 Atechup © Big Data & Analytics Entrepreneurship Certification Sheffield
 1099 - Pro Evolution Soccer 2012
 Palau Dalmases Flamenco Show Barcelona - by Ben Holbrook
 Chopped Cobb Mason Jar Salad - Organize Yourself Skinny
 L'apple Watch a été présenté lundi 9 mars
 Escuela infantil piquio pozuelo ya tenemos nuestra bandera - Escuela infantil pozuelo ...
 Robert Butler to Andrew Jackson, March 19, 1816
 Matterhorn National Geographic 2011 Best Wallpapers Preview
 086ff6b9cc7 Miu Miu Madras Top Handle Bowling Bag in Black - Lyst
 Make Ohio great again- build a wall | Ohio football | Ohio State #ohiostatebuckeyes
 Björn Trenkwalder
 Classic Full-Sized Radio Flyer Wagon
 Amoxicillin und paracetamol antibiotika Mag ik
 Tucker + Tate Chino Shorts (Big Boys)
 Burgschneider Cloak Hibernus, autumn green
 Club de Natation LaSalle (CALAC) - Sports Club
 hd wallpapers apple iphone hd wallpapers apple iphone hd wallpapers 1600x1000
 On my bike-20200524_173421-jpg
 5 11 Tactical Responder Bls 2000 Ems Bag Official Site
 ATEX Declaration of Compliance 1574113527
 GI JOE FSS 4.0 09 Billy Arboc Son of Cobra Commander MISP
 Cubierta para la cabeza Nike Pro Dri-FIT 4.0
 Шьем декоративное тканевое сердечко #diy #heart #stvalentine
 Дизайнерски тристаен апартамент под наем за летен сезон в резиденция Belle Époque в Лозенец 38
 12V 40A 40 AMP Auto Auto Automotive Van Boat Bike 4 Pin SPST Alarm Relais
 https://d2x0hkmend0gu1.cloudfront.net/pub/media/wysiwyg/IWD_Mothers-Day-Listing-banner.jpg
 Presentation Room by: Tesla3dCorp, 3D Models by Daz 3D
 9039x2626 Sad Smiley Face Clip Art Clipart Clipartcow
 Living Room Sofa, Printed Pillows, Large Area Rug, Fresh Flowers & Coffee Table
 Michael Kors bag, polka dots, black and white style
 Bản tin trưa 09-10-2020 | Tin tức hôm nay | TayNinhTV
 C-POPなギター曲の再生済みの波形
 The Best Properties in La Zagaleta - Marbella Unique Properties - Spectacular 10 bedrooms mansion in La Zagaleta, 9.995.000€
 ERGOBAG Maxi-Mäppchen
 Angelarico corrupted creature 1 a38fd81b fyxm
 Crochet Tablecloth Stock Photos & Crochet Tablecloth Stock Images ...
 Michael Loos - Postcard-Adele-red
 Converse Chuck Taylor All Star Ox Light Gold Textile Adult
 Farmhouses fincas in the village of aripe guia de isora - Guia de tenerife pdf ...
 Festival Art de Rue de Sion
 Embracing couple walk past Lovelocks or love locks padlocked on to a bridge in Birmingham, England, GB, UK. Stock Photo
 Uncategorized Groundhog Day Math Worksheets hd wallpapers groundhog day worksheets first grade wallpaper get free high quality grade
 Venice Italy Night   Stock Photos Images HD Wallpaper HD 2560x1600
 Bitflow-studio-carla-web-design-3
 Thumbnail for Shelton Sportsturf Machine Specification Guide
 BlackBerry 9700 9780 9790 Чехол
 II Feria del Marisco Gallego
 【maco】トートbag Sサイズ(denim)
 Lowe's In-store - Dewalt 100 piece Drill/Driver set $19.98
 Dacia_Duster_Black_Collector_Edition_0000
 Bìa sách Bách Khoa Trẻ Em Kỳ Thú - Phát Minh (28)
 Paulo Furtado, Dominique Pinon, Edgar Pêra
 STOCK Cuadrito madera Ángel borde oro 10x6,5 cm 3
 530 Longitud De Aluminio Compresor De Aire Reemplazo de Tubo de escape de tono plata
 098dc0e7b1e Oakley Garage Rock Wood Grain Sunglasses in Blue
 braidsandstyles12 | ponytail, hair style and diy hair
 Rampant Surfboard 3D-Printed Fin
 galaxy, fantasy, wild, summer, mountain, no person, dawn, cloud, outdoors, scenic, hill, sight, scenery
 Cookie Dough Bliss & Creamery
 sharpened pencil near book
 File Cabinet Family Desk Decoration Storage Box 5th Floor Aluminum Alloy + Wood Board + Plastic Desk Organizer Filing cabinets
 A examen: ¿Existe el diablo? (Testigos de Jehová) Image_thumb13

^^^^

# WHAT IS REQUIRED
For each line in the data that contains the string "Wood", give a copy of that line.

# RESULT OF THE TASK
 098dc0e7b1e Oakley Garage Rock Wood Grain Sunglasses in Blue
 File Cabinet Family Desk Decoration Storage Box 5th Floor Aluminum Alloy + Wood Board + Plastic Desk Organizer Filing cabinets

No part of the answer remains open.